_EXERCISE REQUIREMENTS:_ Write out the lines below once more, exactly as they appear. Do not include pictures.

_INFORMATION SHOWN:_
----

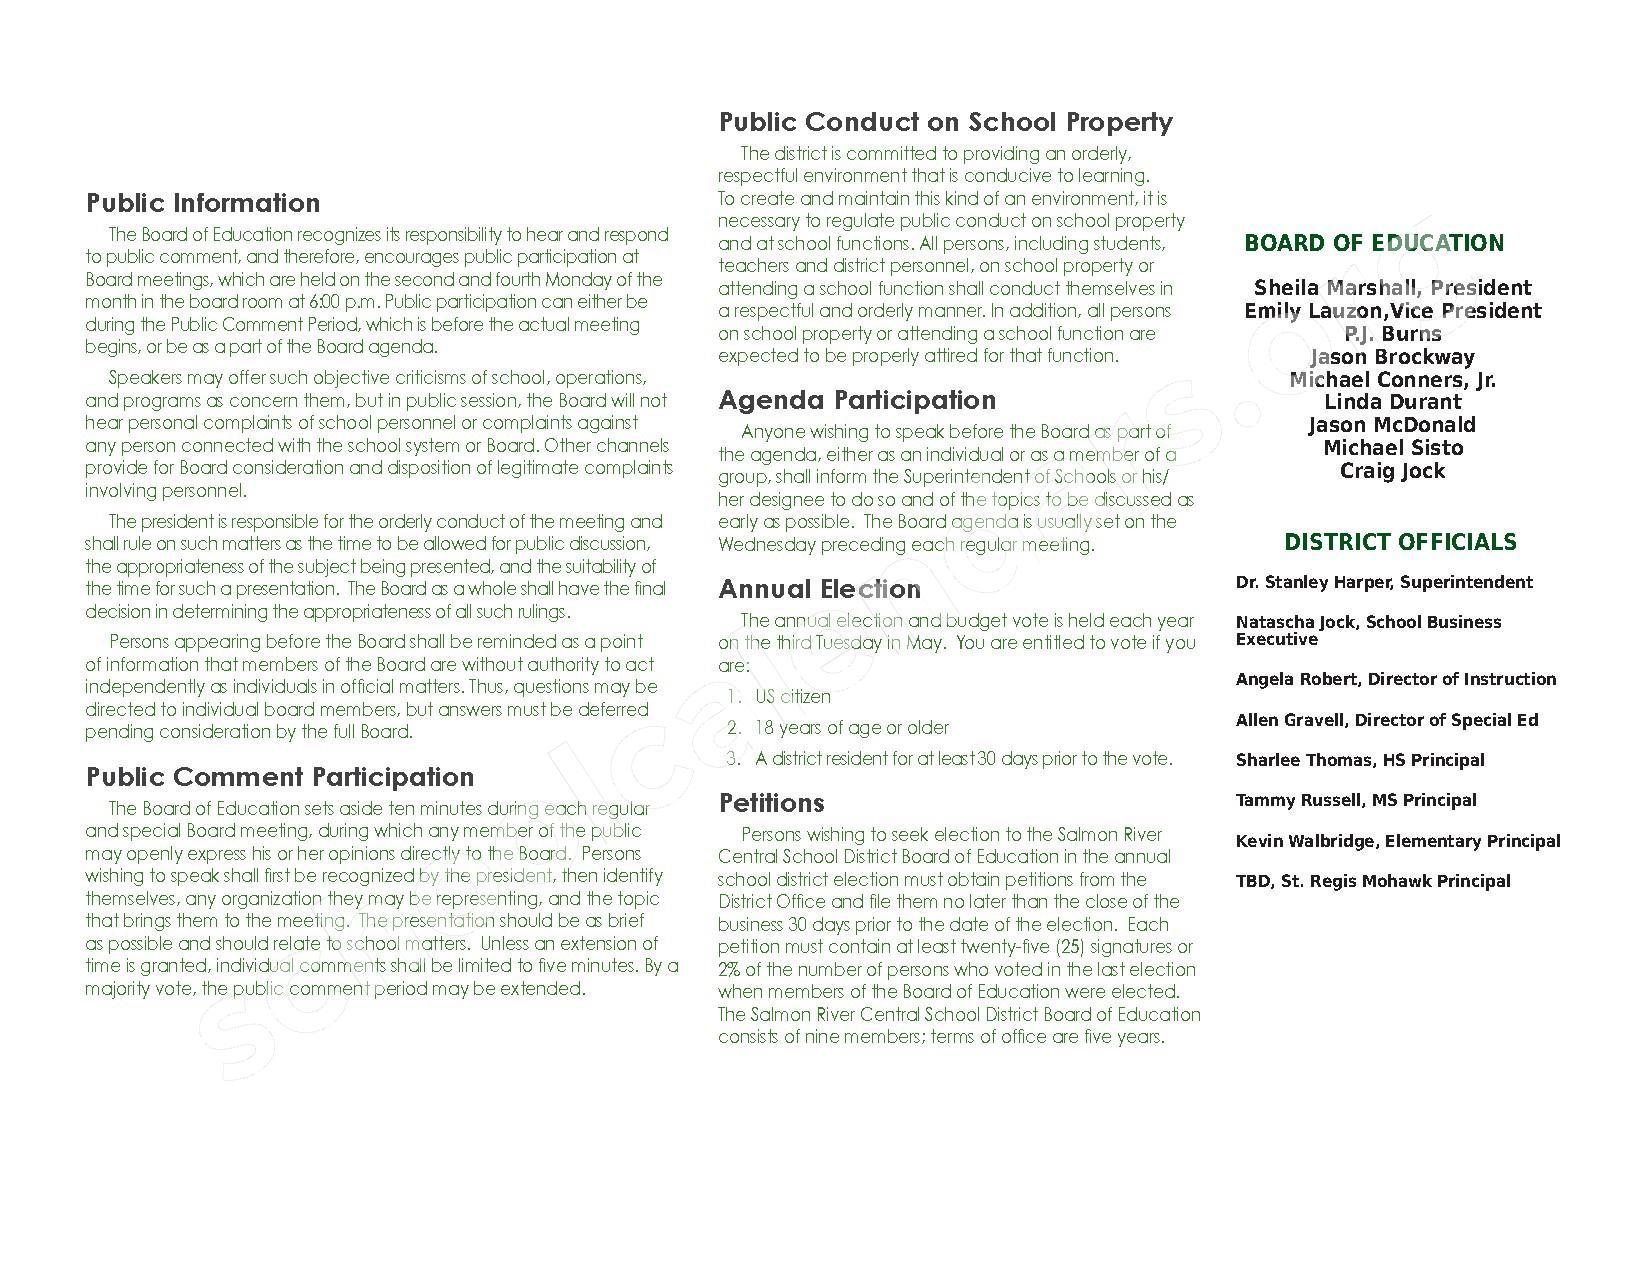 2016 - 2017 School Calendar – Salmon River Central School District – page 26
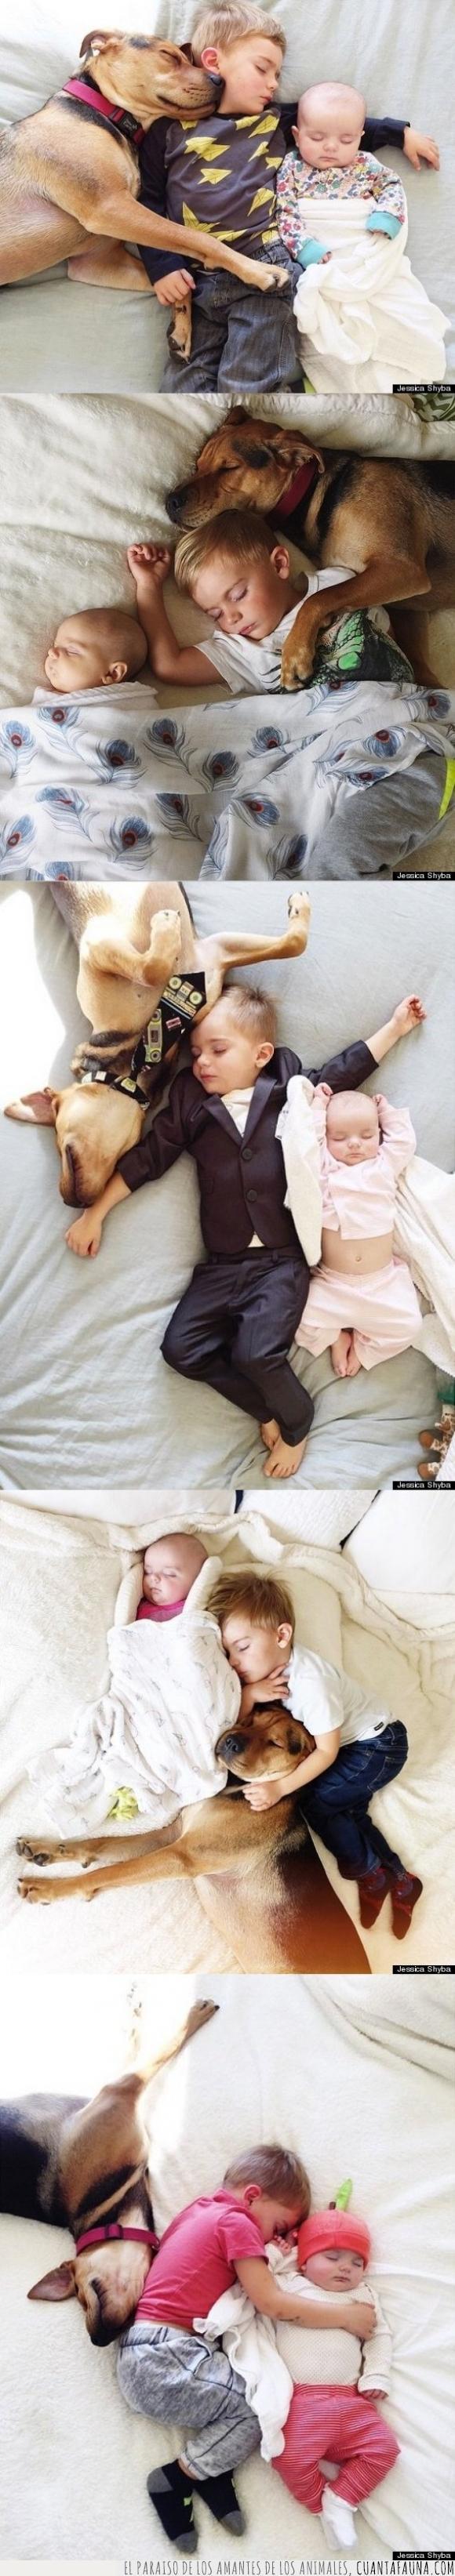 Beau,cama,dormir,hermana,hermano,Jessica Shyba,perro,siesta,Theo
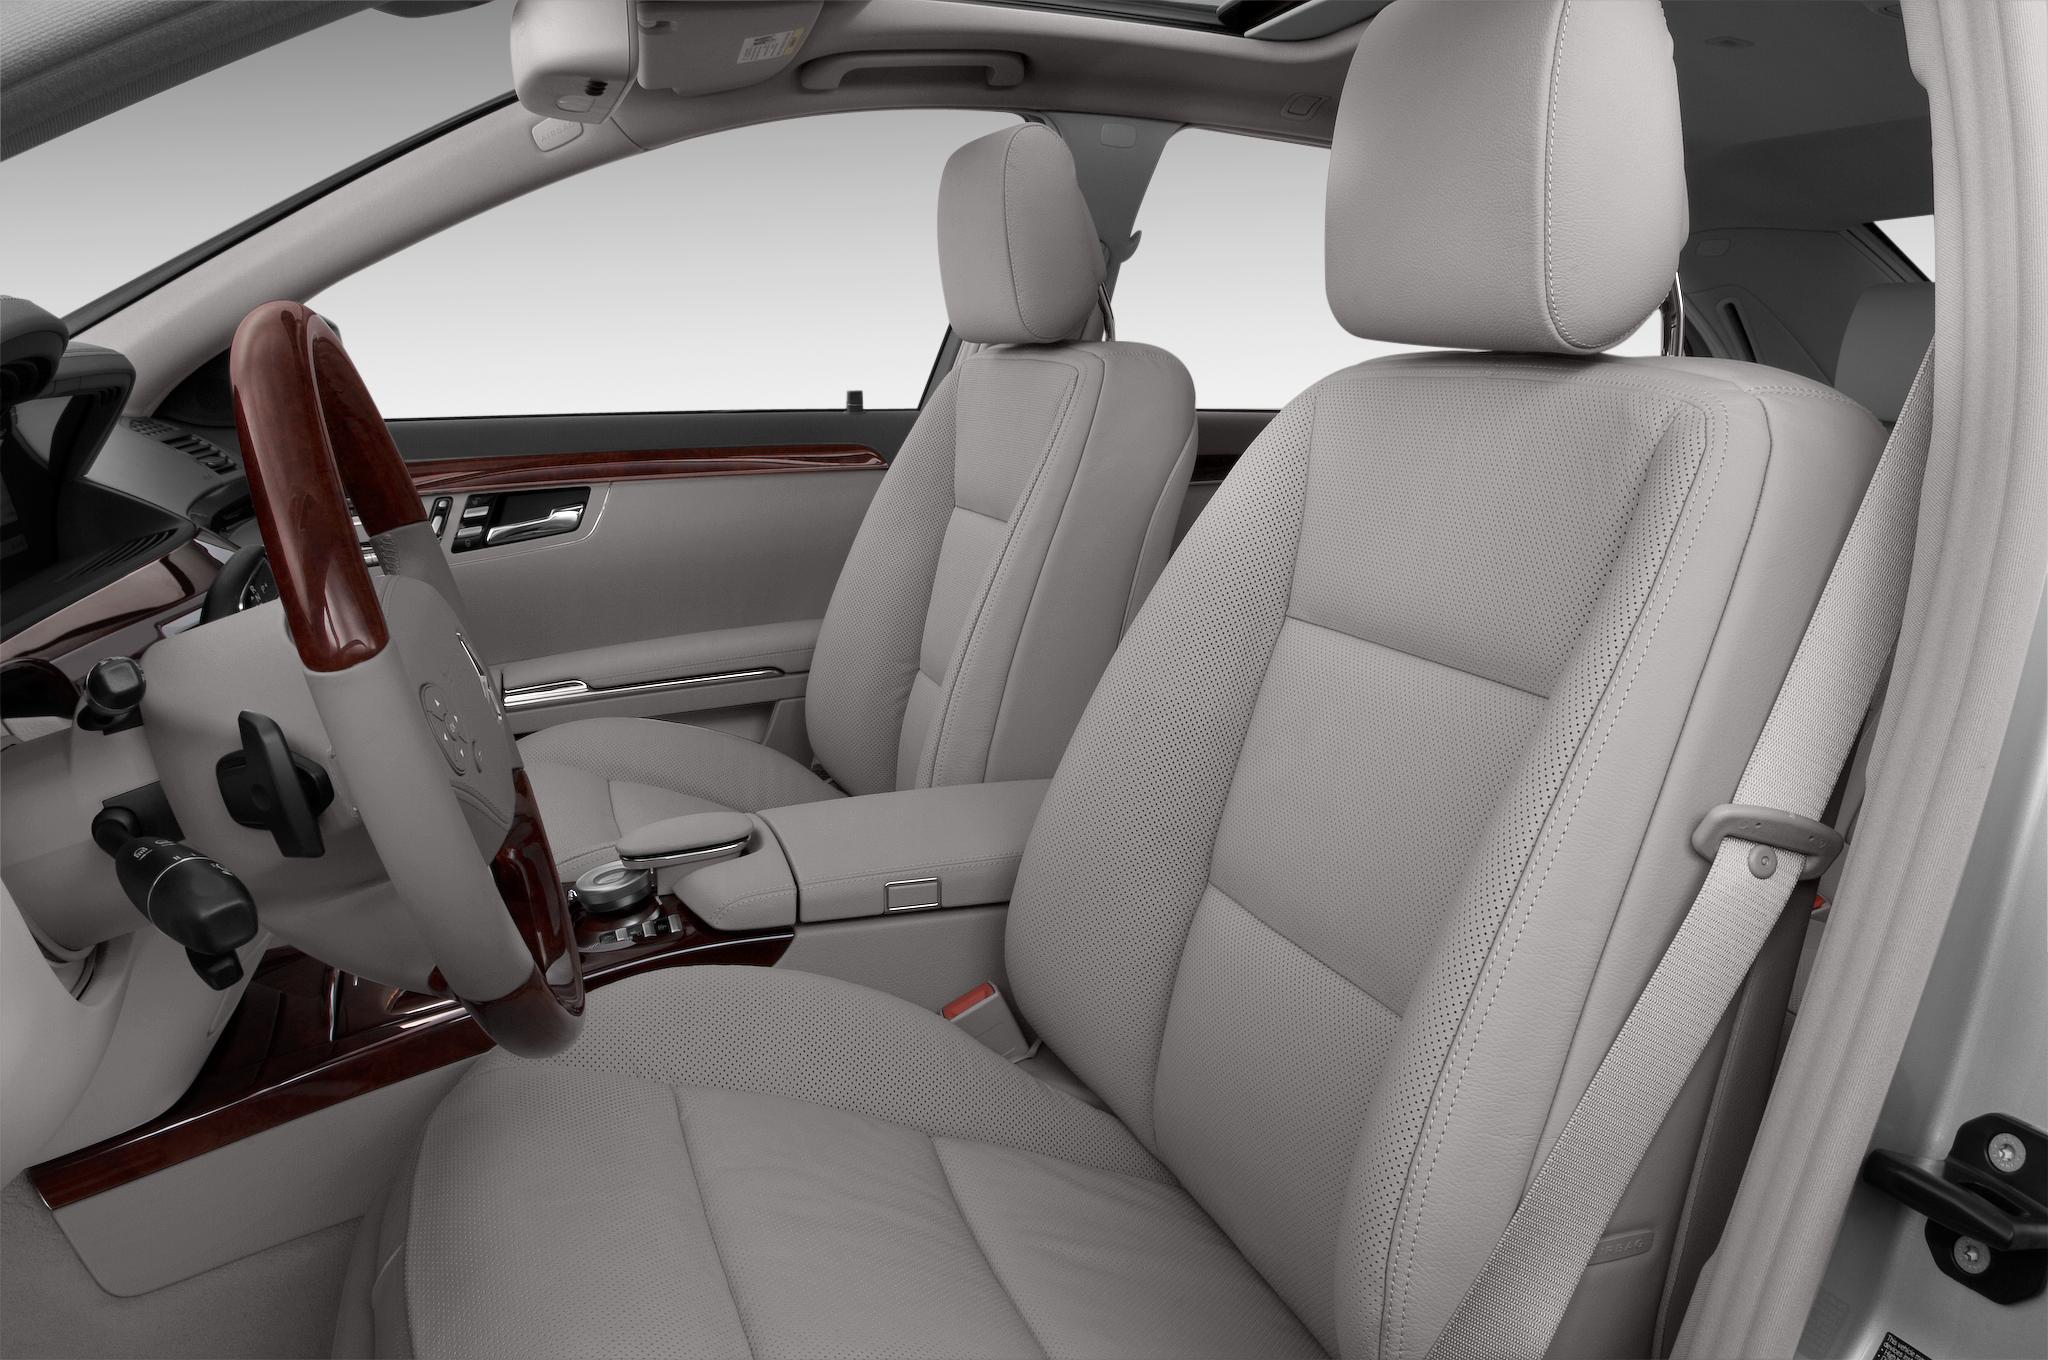 2012 Mercedes Benz S63 AMG Editors Notebook Automobile Magazine

----

_WRITTEN ANSWER:_
 2016 - 2017 School Calendar – Salmon River Central School District – page 26
 Beau,cama,dormir,hermana,hermano,Jessica Shyba,perro,siesta,Theo
 2012 Mercedes Benz S63 AMG Editors Notebook Automobile Magazine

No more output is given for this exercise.